- Primoži Location in Slovenia
- Coordinates: 45°36′0.74″N 14°47′26.8″E﻿ / ﻿45.6002056°N 14.790778°E
- Country: Slovenia
- Traditional region: Lower Carniola
- Statistical region: Southeast Slovenia
- Municipality: Kočevje

Area
- • Total: 3.71 km^{2} (1.43 sq mi)
- Elevation: 582.8 m (1,912 ft)

Population (2002)
- • Total: 9
- Postal code: 1338

= Primoži =

Primoži (/sl/; Handlern, Gottscheerish: Handlarə) is a small settlement in the Municipality of Kočevje in southern Slovenia. The area is part of the traditional region of Lower Carniola and is now included in the Southeast Slovenia Statistical Region.

==Name==
The German name Handlern—and the Slovene name Handlerji, based on it—are both plural forms, derived from a surname. The Slovene name of the settlement was changed from Handlerji (previously also Handlarji) to Primoži in 1953. The name was changed on the basis of the 1948 Law on Names of Settlements and Designations of Squares, Streets, and Buildings as part of efforts by Slovenia’s postwar communist government to remove German elements from toponyms. The three villages of Primoži, Koče, and Mlaka pri Kočevski Reki were also referred to collectively in German as Fünfzehnhuben (literally, 'fifteen hides').

==History==
Primoži was a Gottschee German village. In 1498 the village consisted of two full farms and six half-farms. The land registry of 1574 shows that the two full farms were also subdivided and that two tenant farmers were also living in the settlement.
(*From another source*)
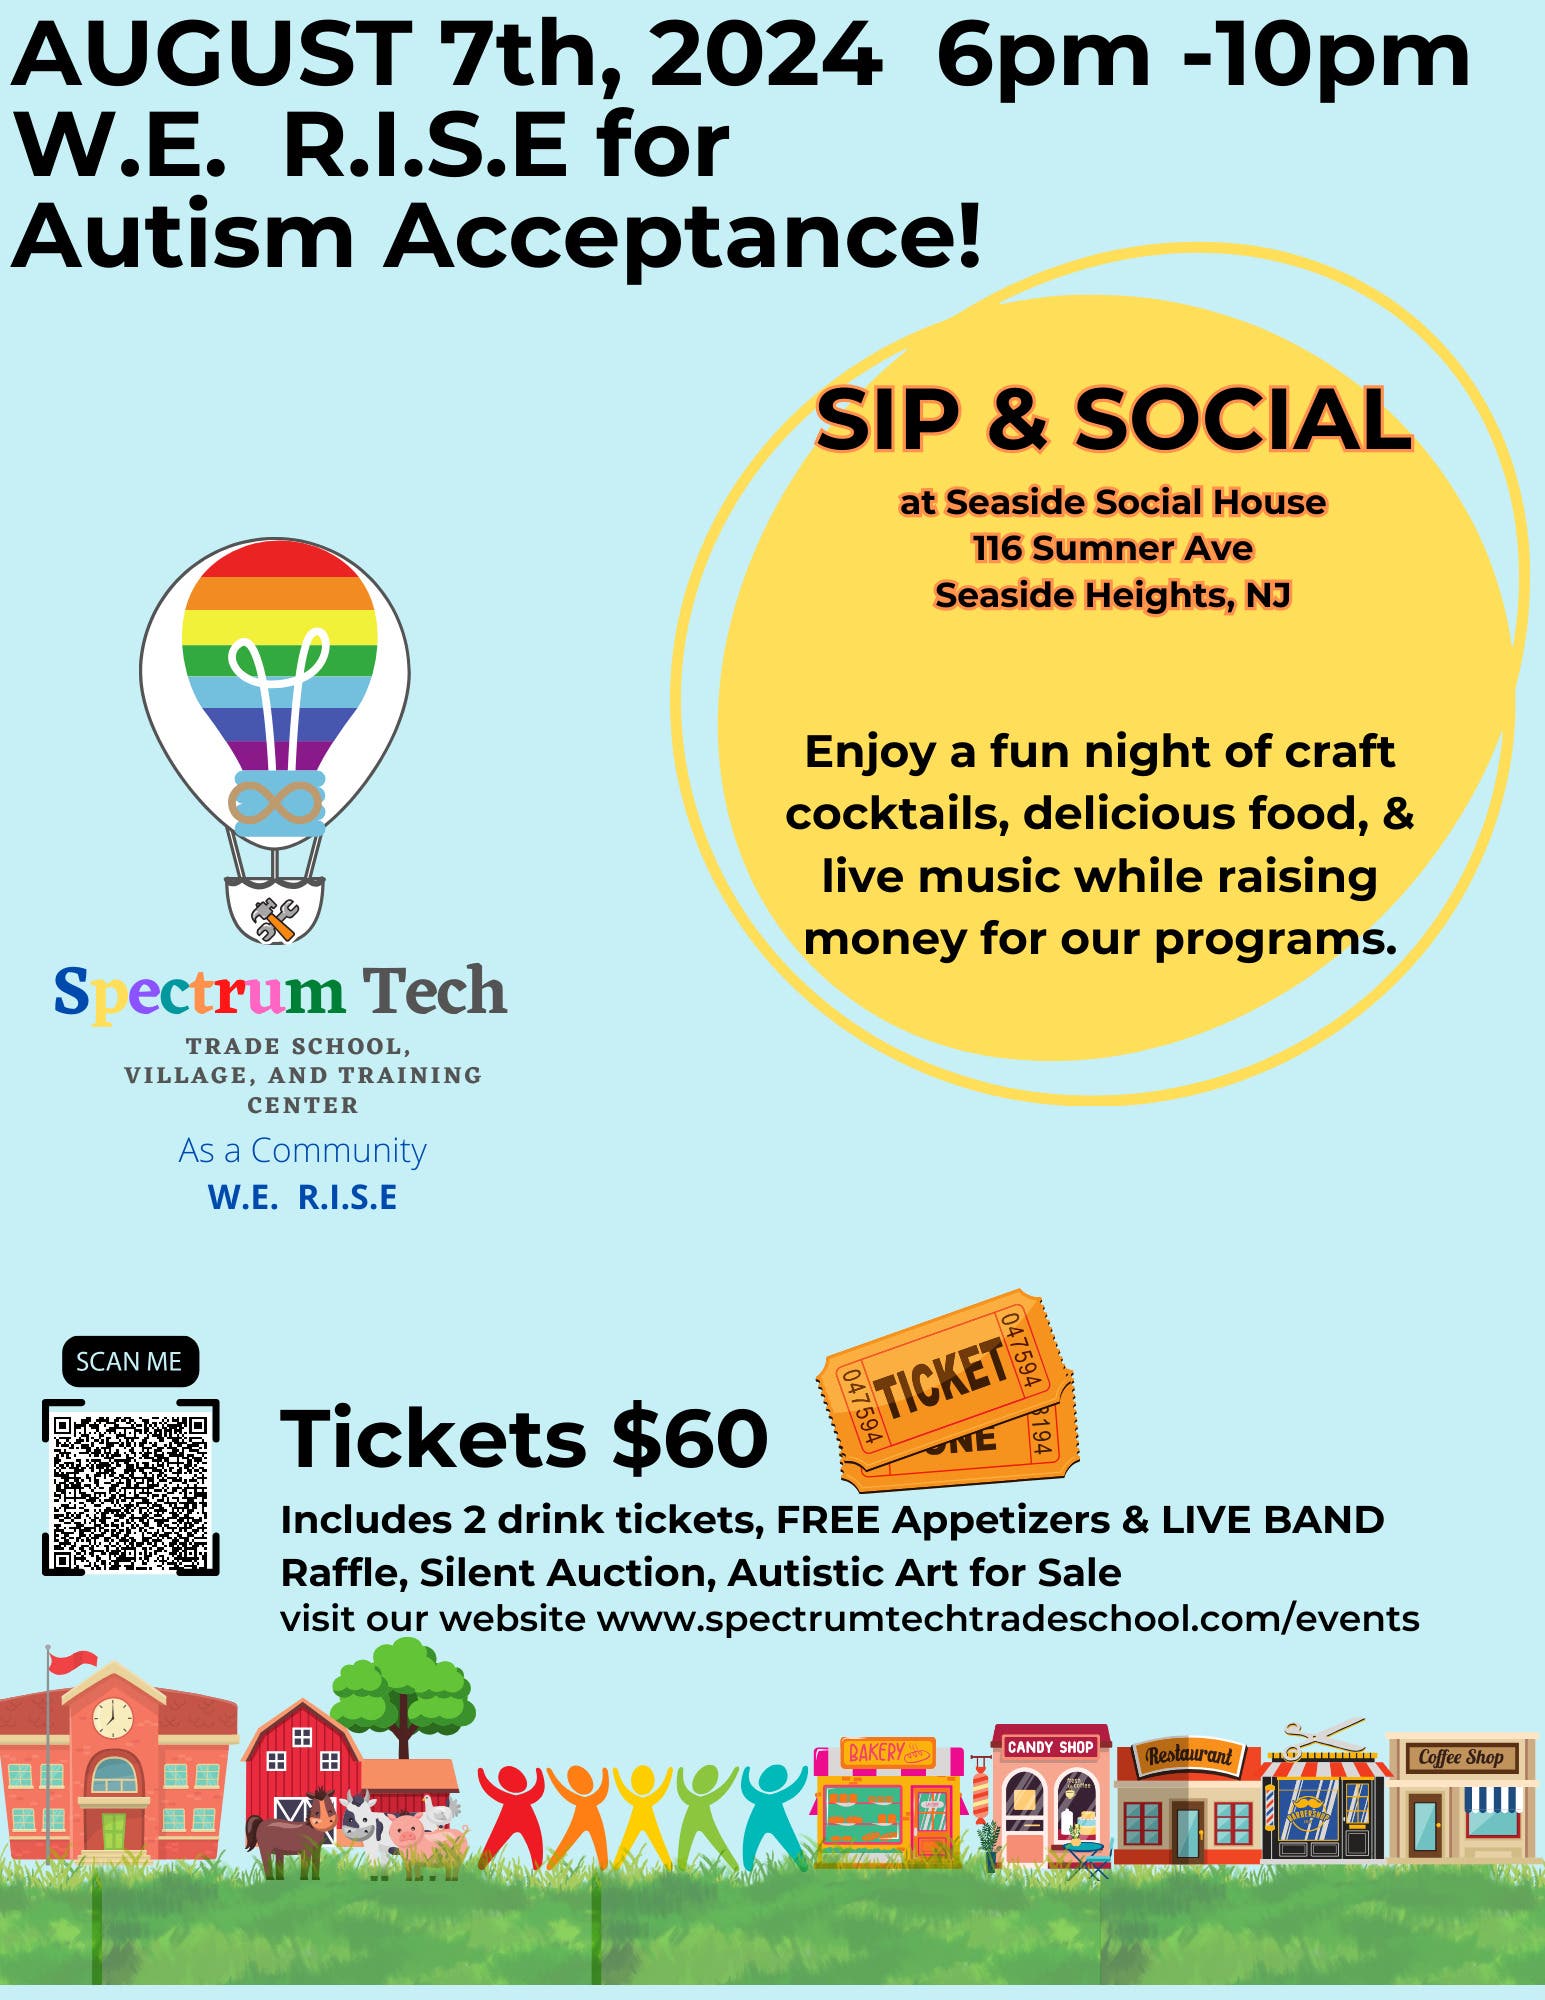 W.E. R.I.S.E. for Autism Acceptance Sip and Social

At that time the population was between 45 and 55. In 1770 there were 20 houses in the settlement. Before the Second World War it had 31 houses and a population of 84. The economy of the village was based on farming, gathering berries, and hauling sawn lumber and logs. The original German inhabitants of Primoži were evicted in November 1941, after which their houses stood empty and began to deteriorate.

==Religious heritage==
- Primoži had a chapel dedicated to Our Lady of Lourdes and the Sacred Heart.
- A column shrine stands southwest of the main part of the settlement. It is a baroque structure with a square hip roof. It has semicircular niches.

==Other cultural heritage==
Primoži has a walled collection area around a spring feeding a karst stream. It was built in the second half of the nineteenth century and is closed with a gate. Next to the spring is a rectangular concrete watering trough. It stands in a small karst valley.